- SUPPLIED INFORMATION
>>>>
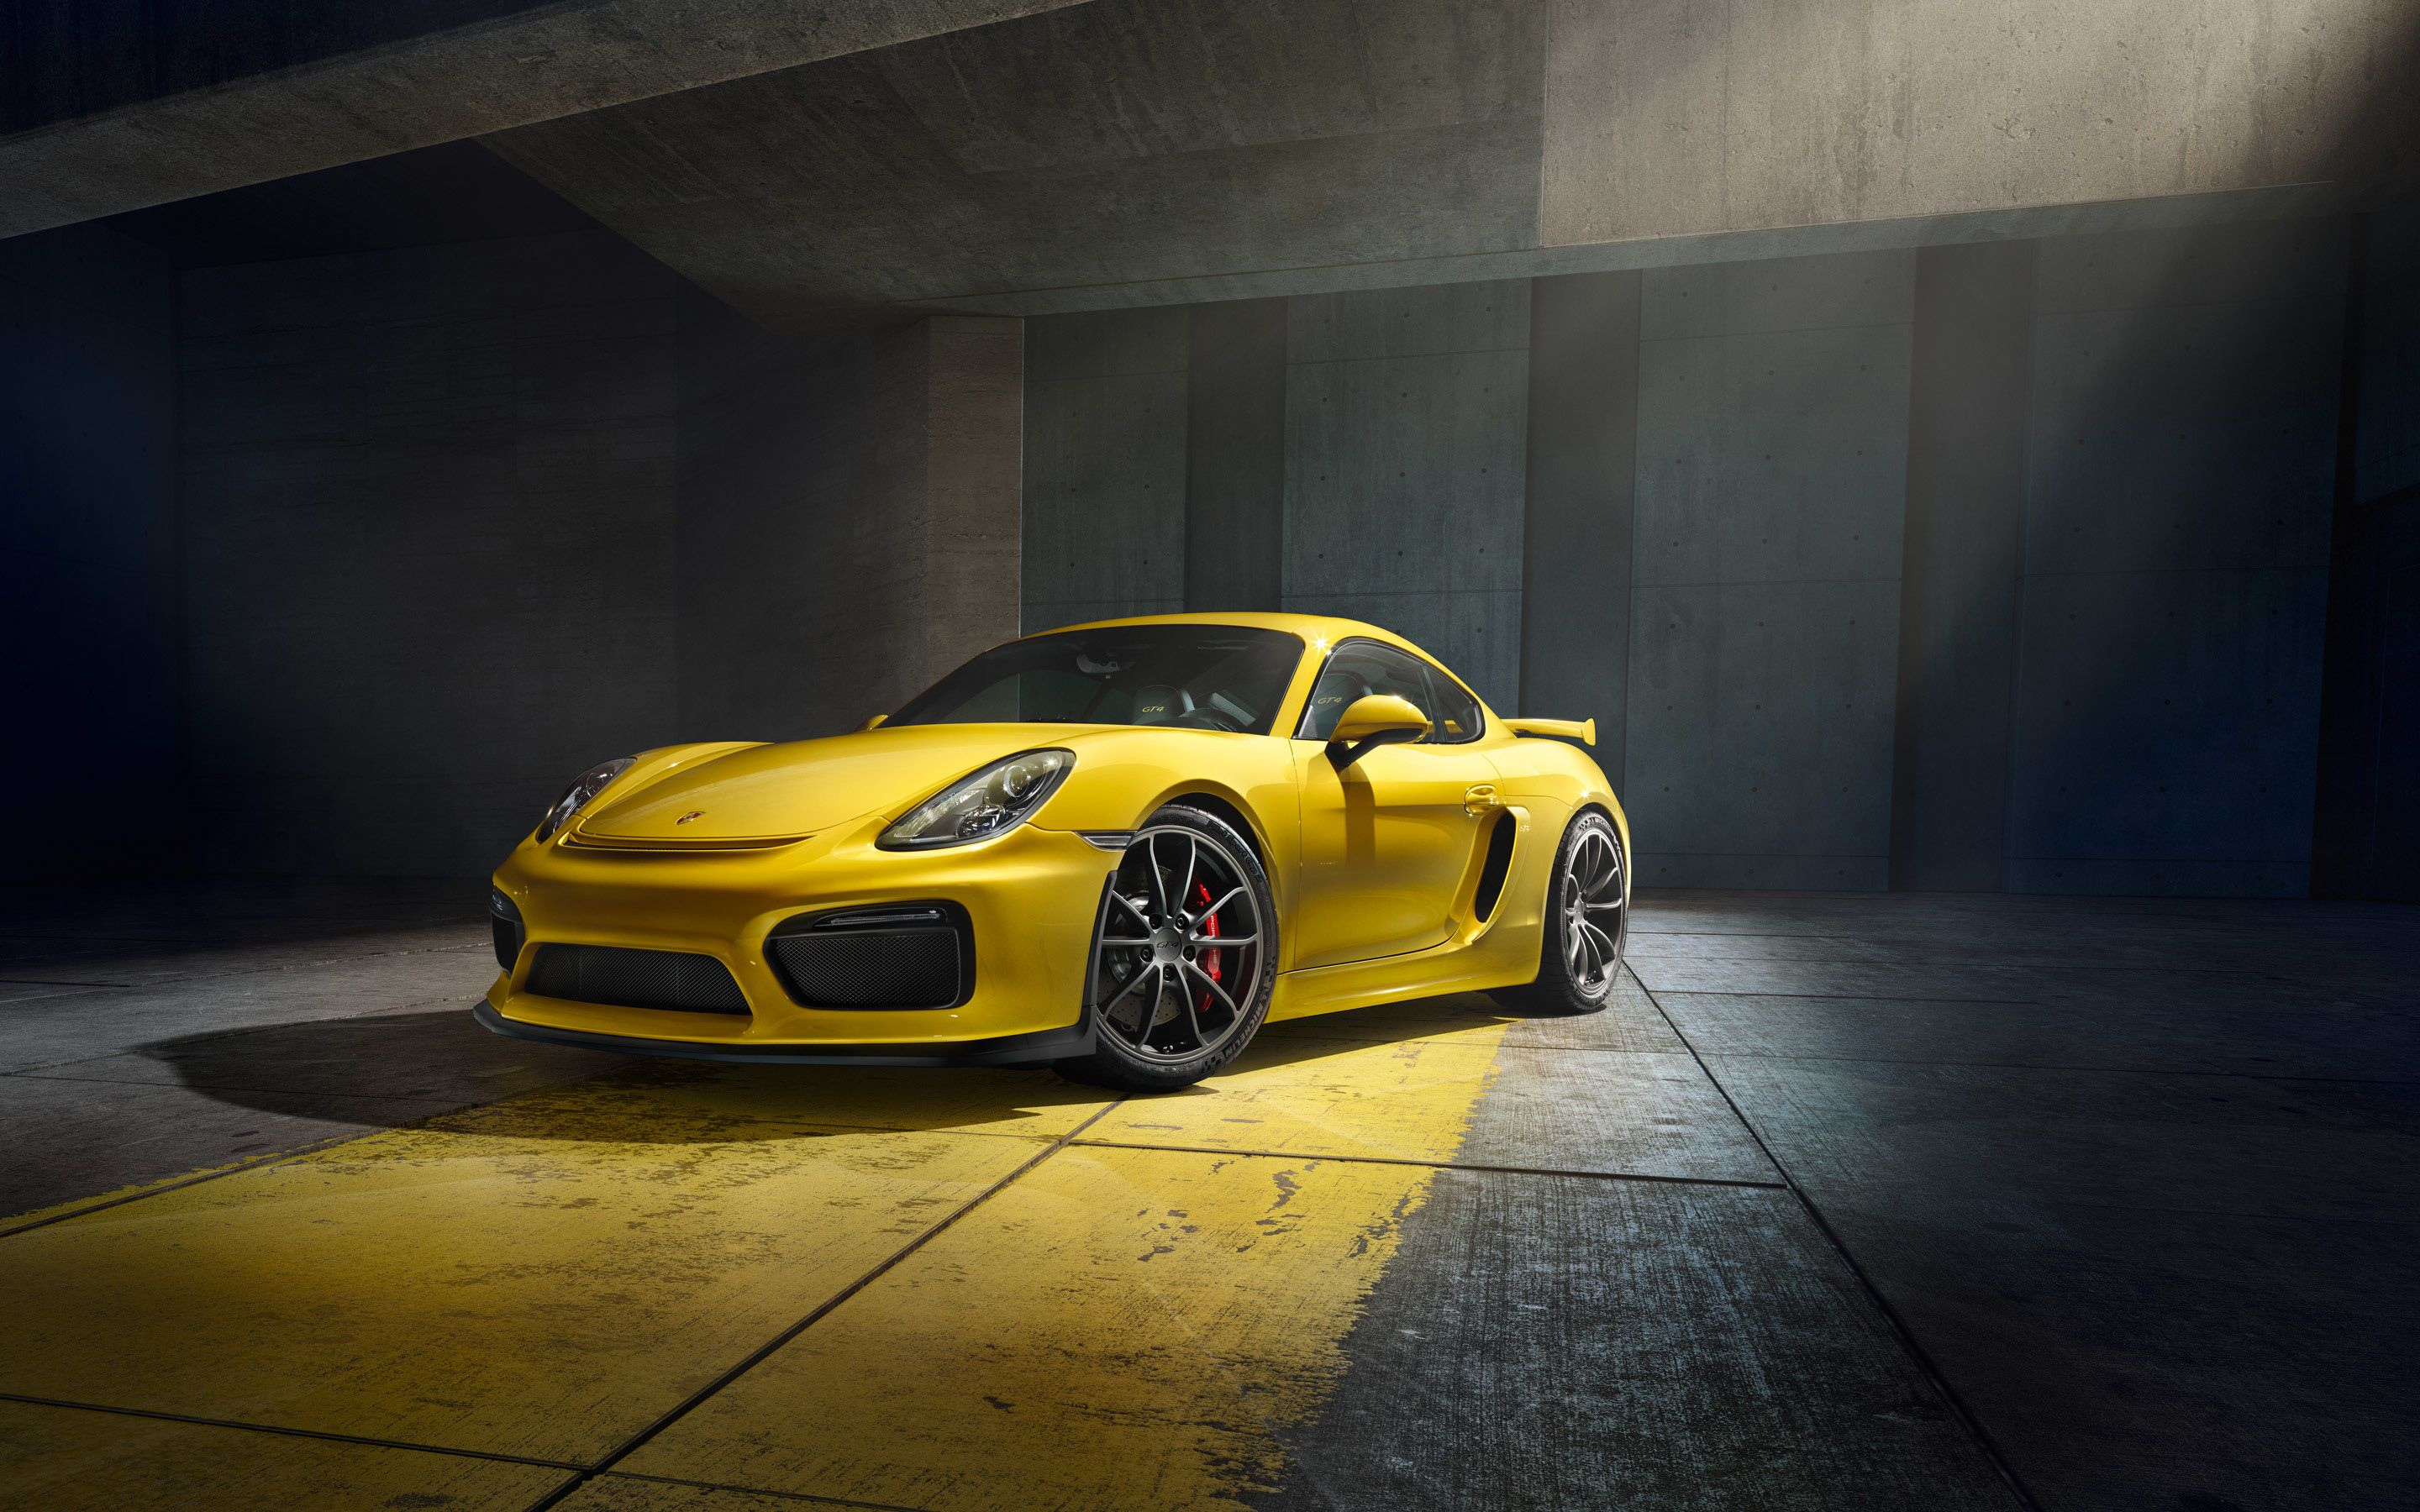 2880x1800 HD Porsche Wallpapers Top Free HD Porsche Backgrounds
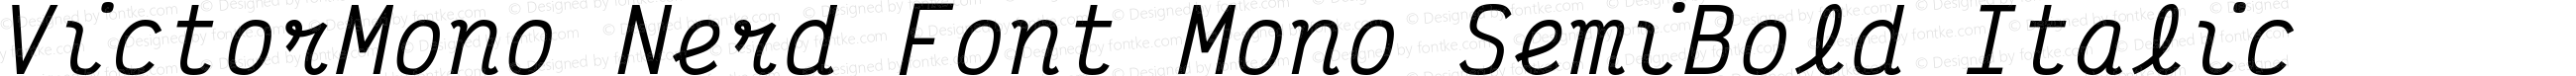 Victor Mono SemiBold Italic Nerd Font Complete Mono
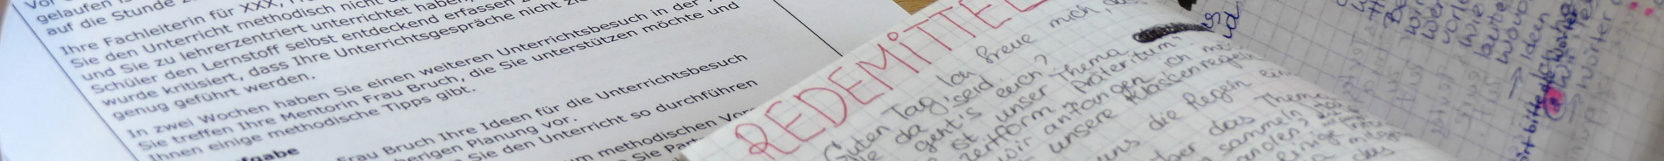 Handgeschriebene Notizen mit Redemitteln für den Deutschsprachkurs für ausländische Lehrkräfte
<<<<
- WORK ITEM
If the data includes images, omit them, and set down everything else exactly as above.

- EXERCISE SOLUTION
 2880x1800 HD Porsche Wallpapers Top Free HD Porsche Backgrounds
 Victor Mono SemiBold Italic Nerd Font Complete Mono
 Handgeschriebene Notizen mit Redemitteln für den Deutschsprachkurs für ausländische Lehrkräfte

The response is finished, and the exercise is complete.